Apple Sued by New York Publisher Over Use of ‘iBooks’

Apple Inc., maker of the iPad tablet computer and the iPhone, was sued by New York publisher John T. Colby in federal court today for trademark infringement over its use of the term “iBooks.”

Colby bought in 2006 and 2007 the assets of various entities owned by New York publisher Byron Preiss, who had published more than 1,000 hardcover and paperback books under the “ibooks” name starting in September 1999, according to the lawsuit, which was filed in U.S. District Court in Manhattan today.

Apple has a trademark on the name “IBOOK” for computers and once sold a personal computer known as the “iBook,” according to the lawsuit. The Cupertino, California-based company never used the term as a designation for electronic books or an application for the delivery of electronic books until it began selling the iPad in April 2010, Colby said in the lawsuit.

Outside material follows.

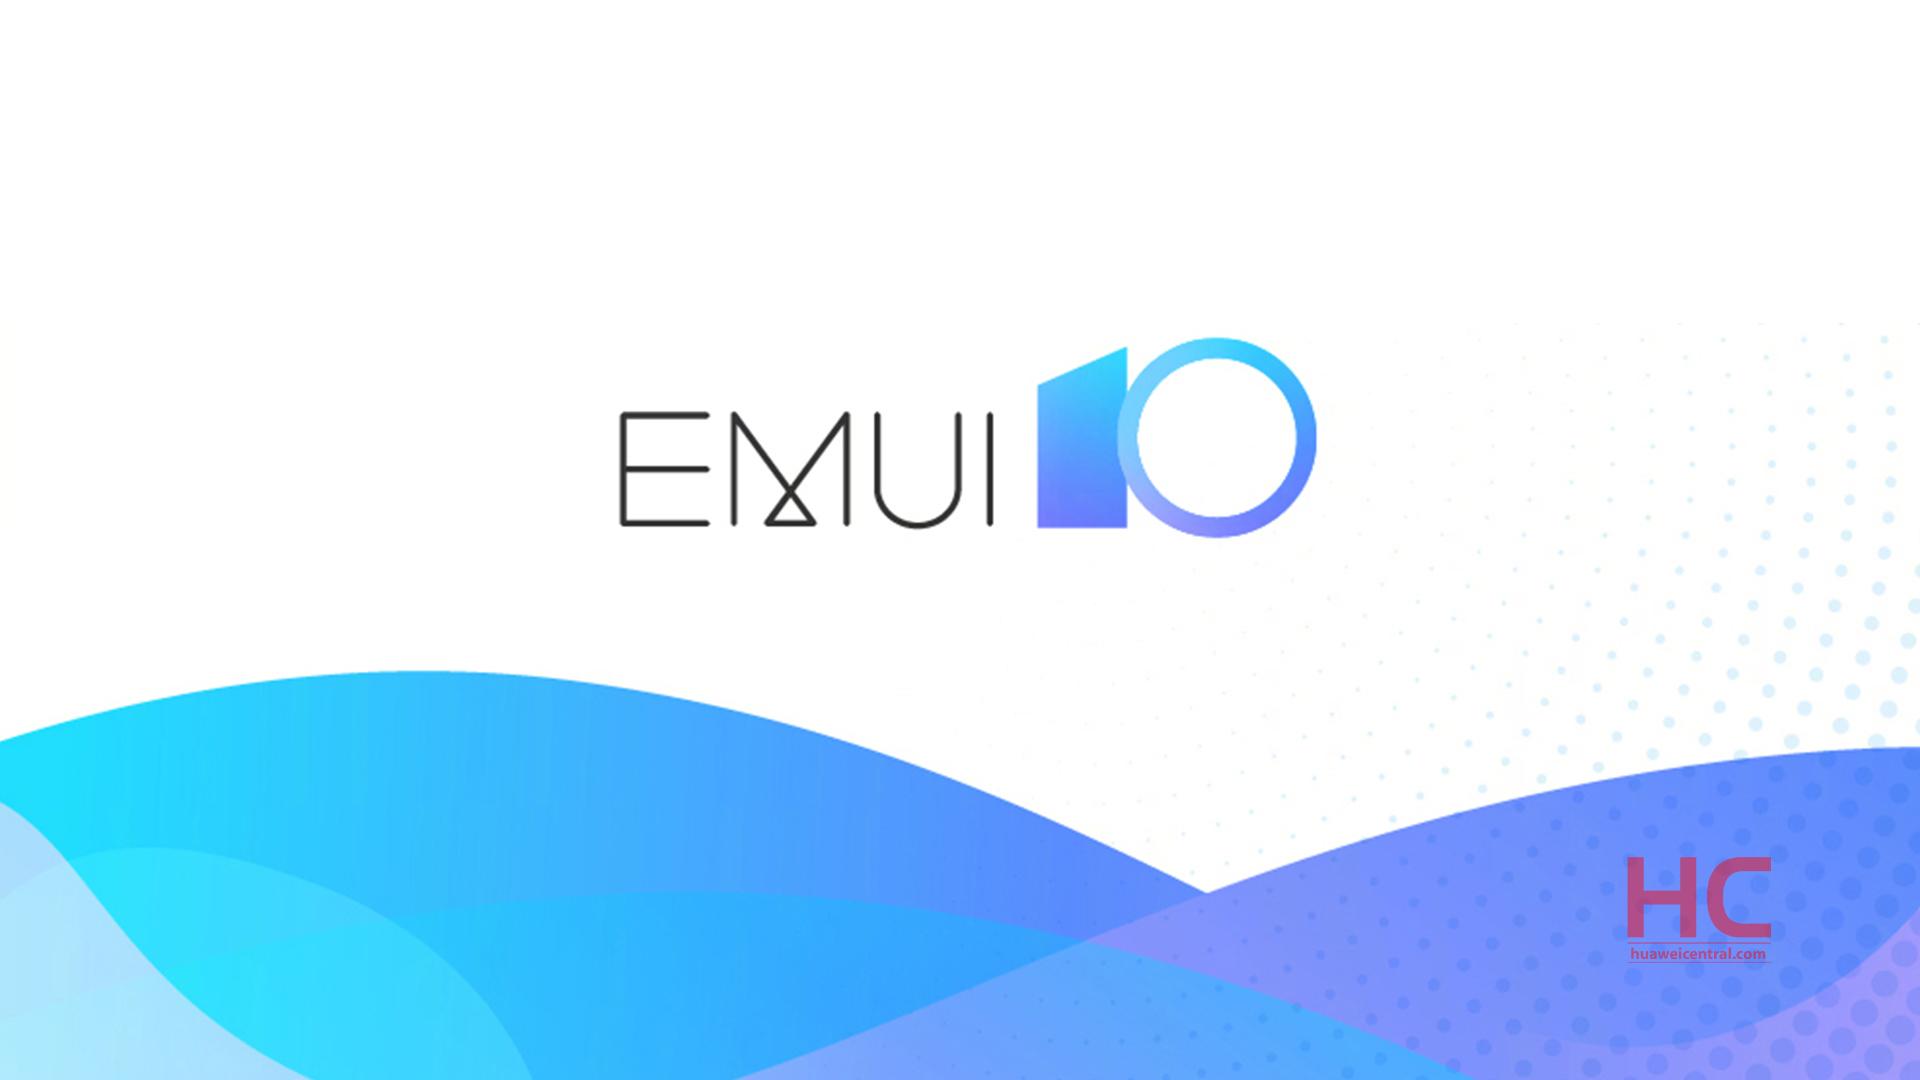 Утверждено: эти смартфоны Honor иHuawei неполучат EMUI 10
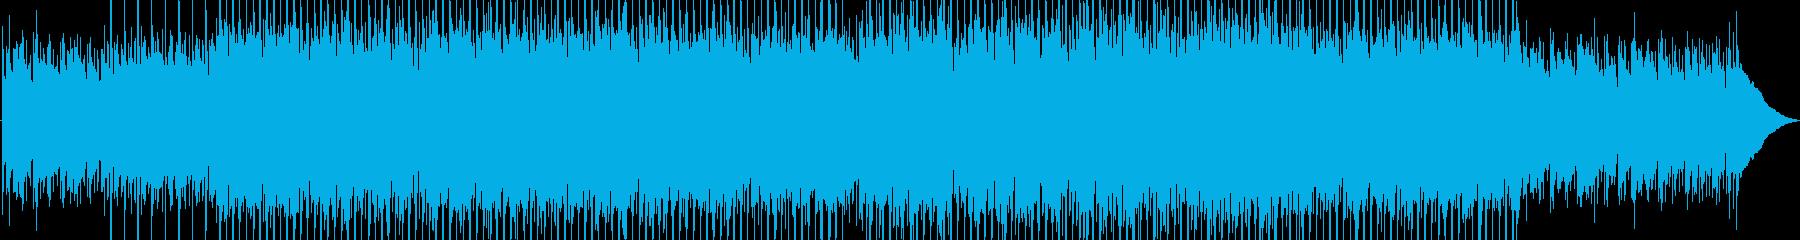 ポップ ロック カントリー 民謡 ...の再生済みの波形

“Apple’s use of the mark ‘iBooks’ to denote the electronic library that can be accessed via its iPad tablet computer and its iPhone is likely to overwhelm the good will of plaintiffs’ ‘ibooks’ and ‘ipicturebooks’ marks and render them virtually worthless,” the lawsuit says.

Steve Dowling, a spokesman for Apple, declined to comment in a telephone interview.

The case is J.T. Colby & Co. vs. Apple Inc., 11-cv-4060, U.S. District Court, Southern District of New York.